**WHAT NEEDS TO BE DONE**
In your copy, repeat the records exactly and leave out the pictures.

*** GIVEN RECORDS ***

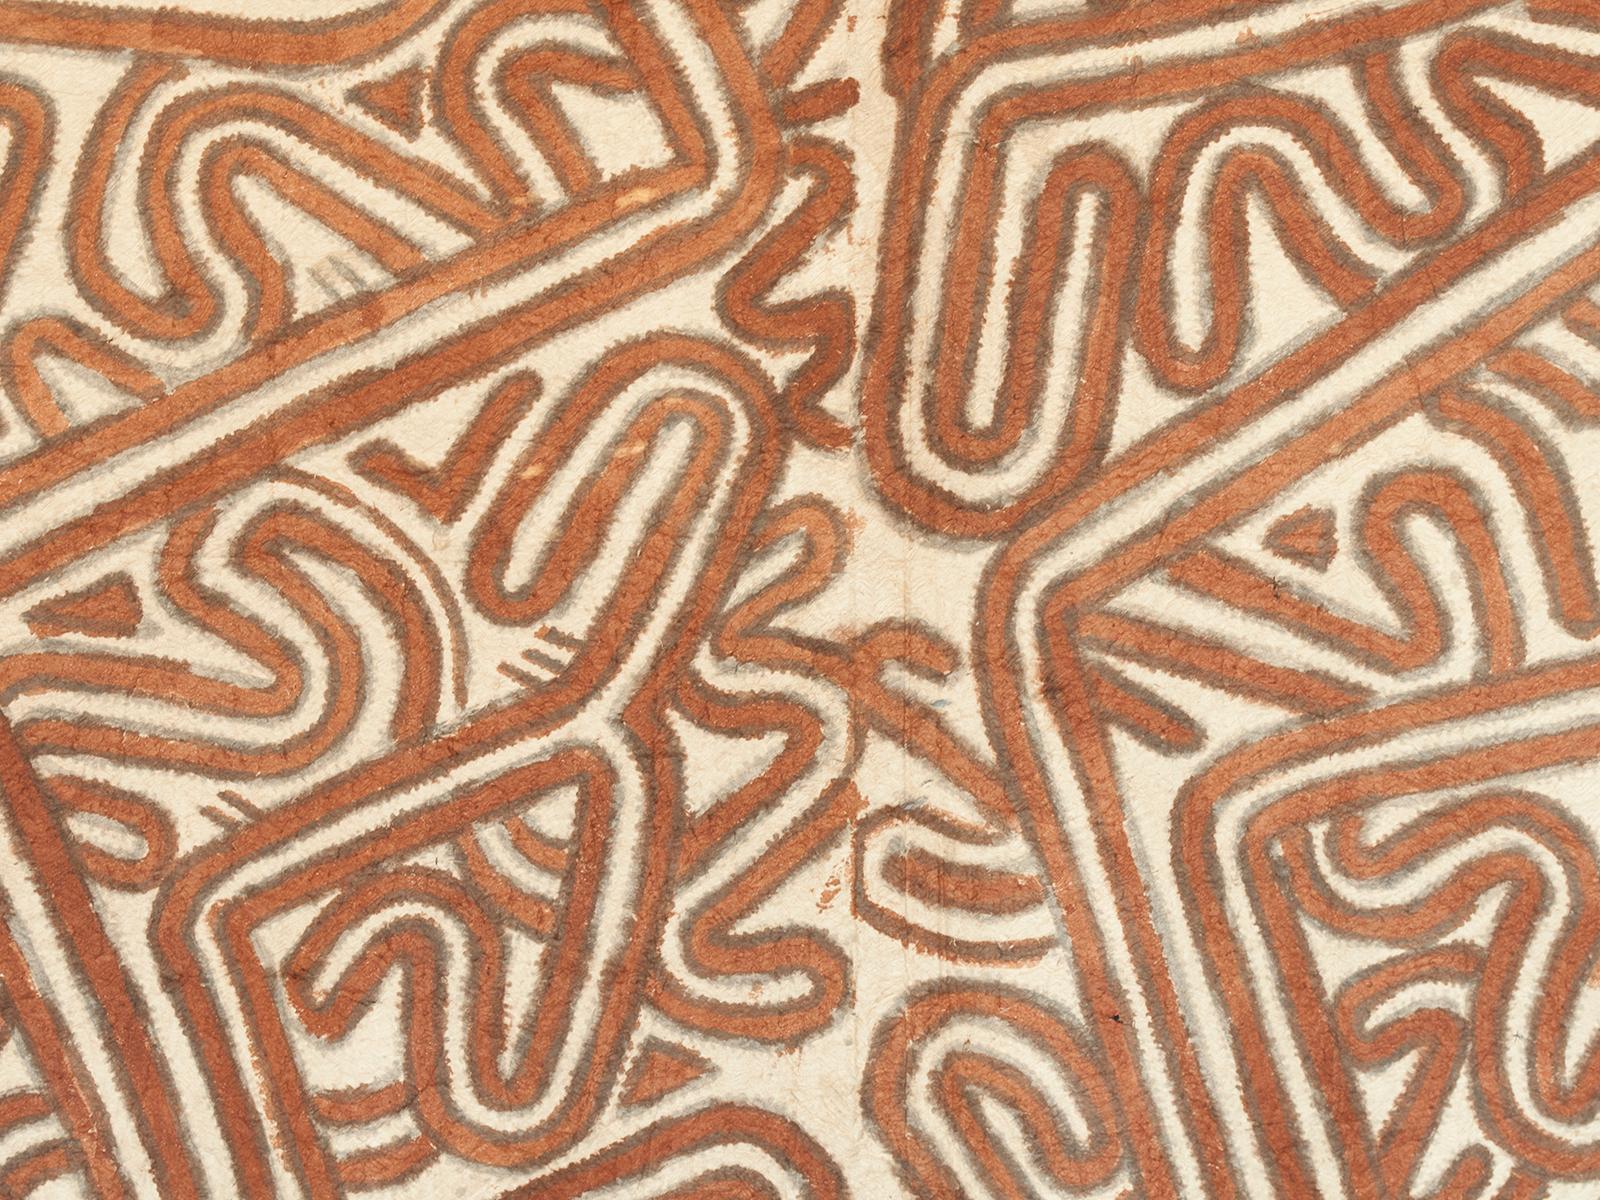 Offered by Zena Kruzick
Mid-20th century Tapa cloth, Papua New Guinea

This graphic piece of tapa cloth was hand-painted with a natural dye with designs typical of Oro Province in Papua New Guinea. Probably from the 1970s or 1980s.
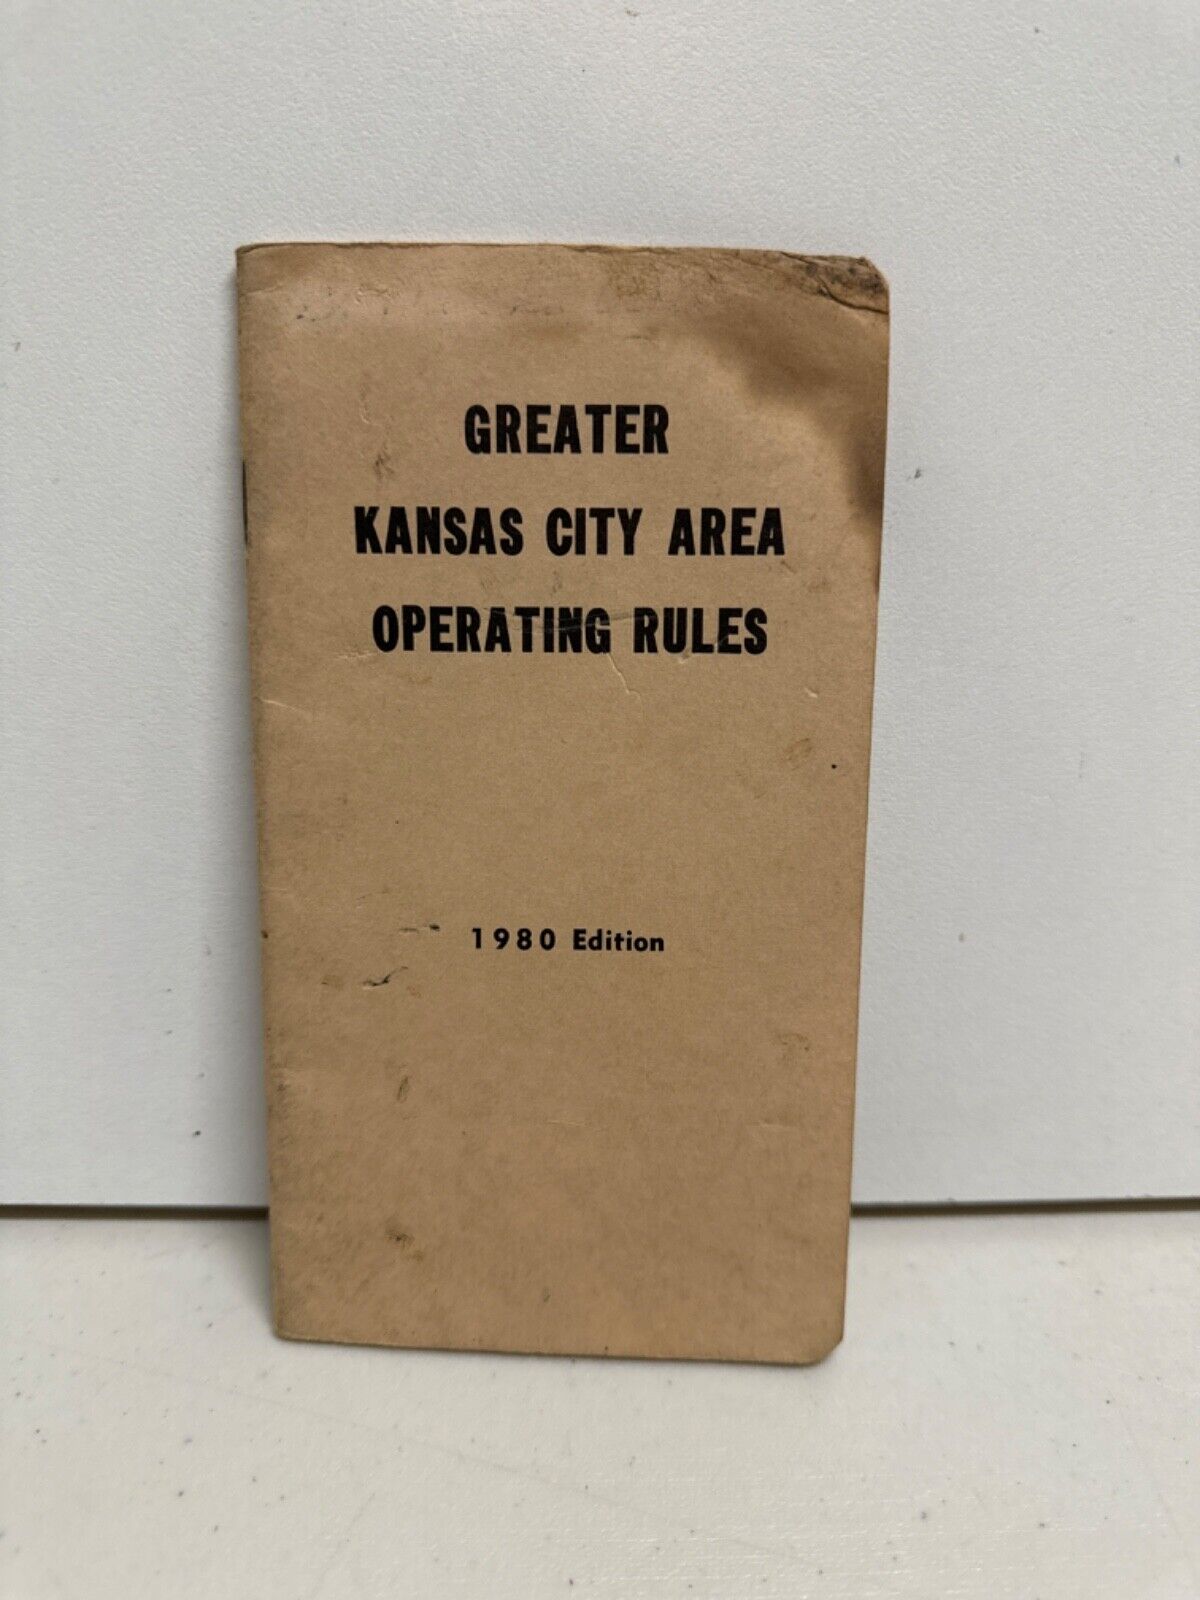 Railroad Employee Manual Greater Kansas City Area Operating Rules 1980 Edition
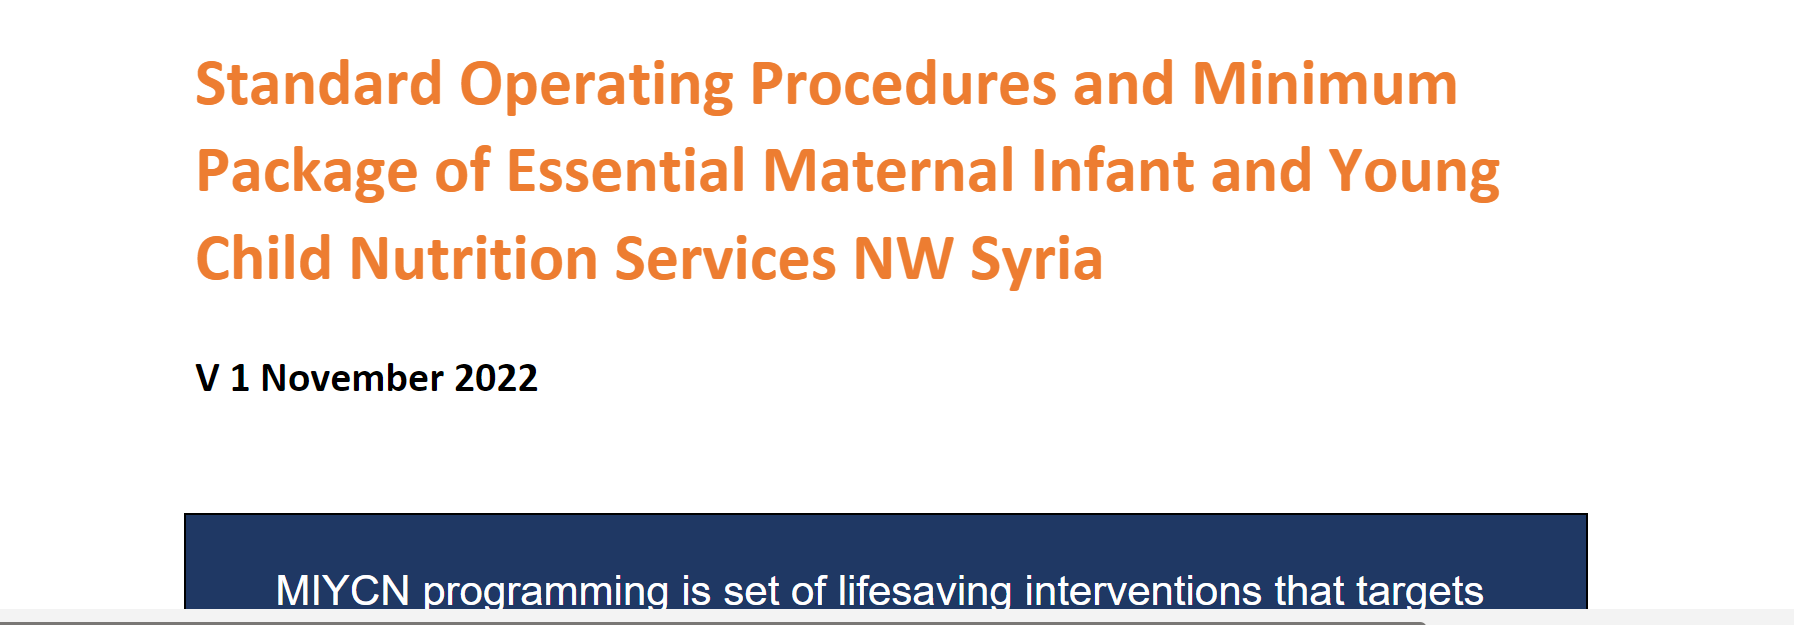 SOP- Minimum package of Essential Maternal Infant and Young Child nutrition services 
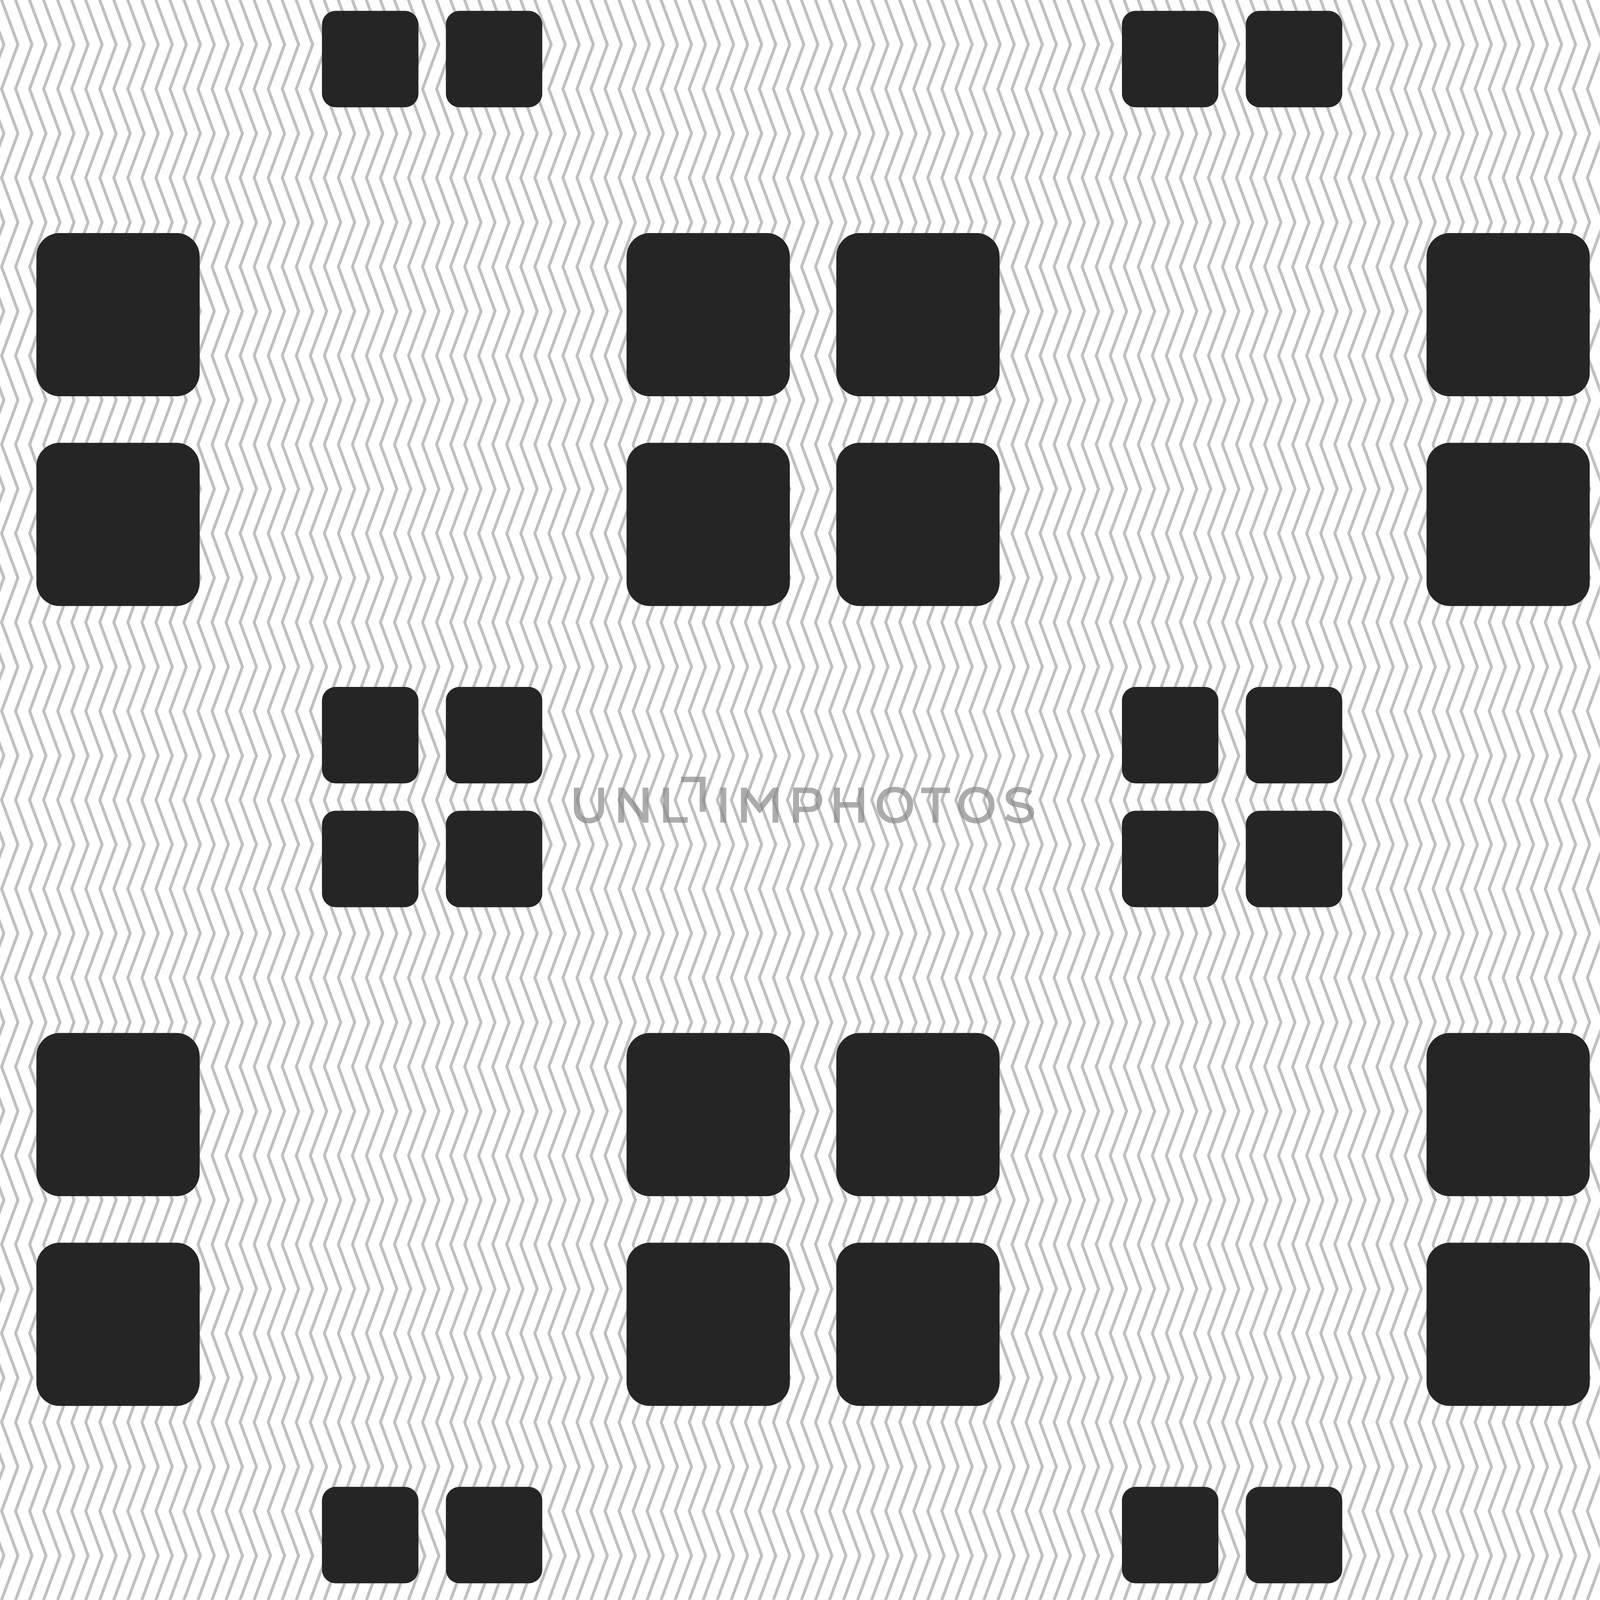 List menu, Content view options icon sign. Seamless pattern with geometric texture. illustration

*** End of GIVEN RECORDS ***

**ANSWER FOR THIS EXERCISE**
 Offered by Zena Kruzick
Mid-20th century Tapa cloth, Papua New Guinea

This graphic piece of tapa cloth was hand-painted with a natural dye with designs typical of Oro Province in Papua New Guinea. Probably from the 1970s or 1980s.
 Railroad Employee Manual Greater Kansas City Area Operating Rules 1980 Edition
 SOP- Minimum package of Essential Maternal Infant and Young Child nutrition services 
 List menu, Content view options icon sign. Seamless pattern with geometric texture. illustration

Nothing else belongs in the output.